Problem description: Starting with the first line of the records, write out each line exactly until you have included the line containing "IronKids Premier 550".

Information shown:
=== Section Start ===

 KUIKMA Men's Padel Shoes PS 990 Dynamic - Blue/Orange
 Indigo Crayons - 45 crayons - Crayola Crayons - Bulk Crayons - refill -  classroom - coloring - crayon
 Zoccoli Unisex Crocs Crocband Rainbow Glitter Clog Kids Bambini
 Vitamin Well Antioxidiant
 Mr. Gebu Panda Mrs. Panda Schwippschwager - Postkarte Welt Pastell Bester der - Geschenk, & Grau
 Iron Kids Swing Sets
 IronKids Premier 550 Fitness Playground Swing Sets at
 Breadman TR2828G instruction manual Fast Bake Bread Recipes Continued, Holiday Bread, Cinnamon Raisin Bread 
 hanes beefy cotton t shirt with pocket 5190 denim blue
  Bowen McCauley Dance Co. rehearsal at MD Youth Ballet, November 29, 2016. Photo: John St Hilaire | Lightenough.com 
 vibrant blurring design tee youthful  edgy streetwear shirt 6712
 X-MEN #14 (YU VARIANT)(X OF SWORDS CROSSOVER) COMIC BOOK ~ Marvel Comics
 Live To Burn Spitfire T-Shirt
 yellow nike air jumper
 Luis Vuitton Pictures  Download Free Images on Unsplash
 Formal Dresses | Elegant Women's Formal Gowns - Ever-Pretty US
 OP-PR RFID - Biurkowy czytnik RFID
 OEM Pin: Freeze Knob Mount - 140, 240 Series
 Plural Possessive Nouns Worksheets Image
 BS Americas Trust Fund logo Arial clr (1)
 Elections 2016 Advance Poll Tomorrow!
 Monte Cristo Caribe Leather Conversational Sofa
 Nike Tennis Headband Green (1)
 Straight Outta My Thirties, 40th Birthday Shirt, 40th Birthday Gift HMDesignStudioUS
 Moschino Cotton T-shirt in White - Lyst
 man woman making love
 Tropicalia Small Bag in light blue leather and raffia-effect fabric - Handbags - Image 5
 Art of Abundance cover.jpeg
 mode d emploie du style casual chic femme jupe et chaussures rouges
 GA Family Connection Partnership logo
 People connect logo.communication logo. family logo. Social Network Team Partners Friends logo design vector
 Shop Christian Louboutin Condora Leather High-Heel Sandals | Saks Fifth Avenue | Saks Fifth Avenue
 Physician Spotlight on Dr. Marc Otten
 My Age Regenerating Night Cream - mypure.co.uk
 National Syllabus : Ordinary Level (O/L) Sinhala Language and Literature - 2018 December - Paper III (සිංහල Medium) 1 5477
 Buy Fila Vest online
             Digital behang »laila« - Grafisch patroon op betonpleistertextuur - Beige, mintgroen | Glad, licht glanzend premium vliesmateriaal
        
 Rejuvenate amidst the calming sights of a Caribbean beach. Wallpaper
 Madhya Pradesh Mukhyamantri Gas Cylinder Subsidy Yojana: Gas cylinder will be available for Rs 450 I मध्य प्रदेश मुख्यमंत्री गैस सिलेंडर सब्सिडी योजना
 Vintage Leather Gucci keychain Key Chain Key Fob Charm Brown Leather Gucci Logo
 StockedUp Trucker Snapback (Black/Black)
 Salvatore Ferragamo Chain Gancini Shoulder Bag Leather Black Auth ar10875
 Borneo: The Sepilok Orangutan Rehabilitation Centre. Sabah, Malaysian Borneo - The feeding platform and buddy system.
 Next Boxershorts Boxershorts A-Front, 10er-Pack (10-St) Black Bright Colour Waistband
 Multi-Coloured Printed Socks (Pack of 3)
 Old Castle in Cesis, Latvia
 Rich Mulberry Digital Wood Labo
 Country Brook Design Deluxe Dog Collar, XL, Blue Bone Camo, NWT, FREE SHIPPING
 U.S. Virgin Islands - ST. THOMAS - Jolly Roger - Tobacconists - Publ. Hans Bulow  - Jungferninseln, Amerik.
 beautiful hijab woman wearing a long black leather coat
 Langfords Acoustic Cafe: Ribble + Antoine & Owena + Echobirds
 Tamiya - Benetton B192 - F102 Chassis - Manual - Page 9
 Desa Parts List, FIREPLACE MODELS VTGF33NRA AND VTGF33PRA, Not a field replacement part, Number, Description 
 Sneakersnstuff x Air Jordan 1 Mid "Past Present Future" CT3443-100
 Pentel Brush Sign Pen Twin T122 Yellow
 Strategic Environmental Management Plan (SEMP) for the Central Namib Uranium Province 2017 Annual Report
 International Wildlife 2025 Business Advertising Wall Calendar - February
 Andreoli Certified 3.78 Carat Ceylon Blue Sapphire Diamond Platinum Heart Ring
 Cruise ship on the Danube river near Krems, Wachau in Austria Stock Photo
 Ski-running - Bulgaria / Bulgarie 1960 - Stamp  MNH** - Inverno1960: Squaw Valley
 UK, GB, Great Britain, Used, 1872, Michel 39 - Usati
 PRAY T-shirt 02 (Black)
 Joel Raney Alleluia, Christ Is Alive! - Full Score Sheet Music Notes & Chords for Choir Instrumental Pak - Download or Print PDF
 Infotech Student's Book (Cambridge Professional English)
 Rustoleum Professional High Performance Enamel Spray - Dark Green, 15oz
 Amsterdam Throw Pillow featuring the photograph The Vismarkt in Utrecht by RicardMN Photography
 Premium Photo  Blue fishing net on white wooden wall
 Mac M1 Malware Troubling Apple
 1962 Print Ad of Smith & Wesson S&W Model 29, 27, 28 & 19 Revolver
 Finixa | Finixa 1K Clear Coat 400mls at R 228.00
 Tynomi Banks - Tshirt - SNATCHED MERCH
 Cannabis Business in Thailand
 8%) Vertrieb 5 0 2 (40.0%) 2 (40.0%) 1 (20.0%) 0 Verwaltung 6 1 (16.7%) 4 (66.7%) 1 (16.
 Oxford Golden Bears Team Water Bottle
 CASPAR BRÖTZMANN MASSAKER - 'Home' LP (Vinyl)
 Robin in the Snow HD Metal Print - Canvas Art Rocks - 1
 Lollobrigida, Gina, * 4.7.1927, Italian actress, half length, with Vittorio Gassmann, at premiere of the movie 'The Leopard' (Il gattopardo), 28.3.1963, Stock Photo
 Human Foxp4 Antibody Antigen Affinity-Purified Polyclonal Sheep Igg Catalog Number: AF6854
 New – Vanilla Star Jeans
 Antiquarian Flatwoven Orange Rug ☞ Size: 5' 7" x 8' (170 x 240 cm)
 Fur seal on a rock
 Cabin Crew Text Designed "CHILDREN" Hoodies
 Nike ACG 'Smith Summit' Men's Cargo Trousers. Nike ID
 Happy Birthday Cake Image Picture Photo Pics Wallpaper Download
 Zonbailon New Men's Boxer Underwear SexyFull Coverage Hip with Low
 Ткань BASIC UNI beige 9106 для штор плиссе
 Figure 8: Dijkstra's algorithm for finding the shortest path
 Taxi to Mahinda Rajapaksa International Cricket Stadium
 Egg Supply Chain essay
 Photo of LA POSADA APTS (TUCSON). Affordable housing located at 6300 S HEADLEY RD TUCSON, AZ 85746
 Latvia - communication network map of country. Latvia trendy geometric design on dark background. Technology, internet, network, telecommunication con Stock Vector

=== Section End ===

Task output:
 KUIKMA Men's Padel Shoes PS 990 Dynamic - Blue/Orange
 Indigo Crayons - 45 crayons - Crayola Crayons - Bulk Crayons - refill -  classroom - coloring - crayon
 Zoccoli Unisex Crocs Crocband Rainbow Glitter Clog Kids Bambini
 Vitamin Well Antioxidiant
 Mr. Gebu Panda Mrs. Panda Schwippschwager - Postkarte Welt Pastell Bester der - Geschenk, & Grau
 Iron Kids Swing Sets
 IronKids Premier 550 Fitness Playground Swing Sets at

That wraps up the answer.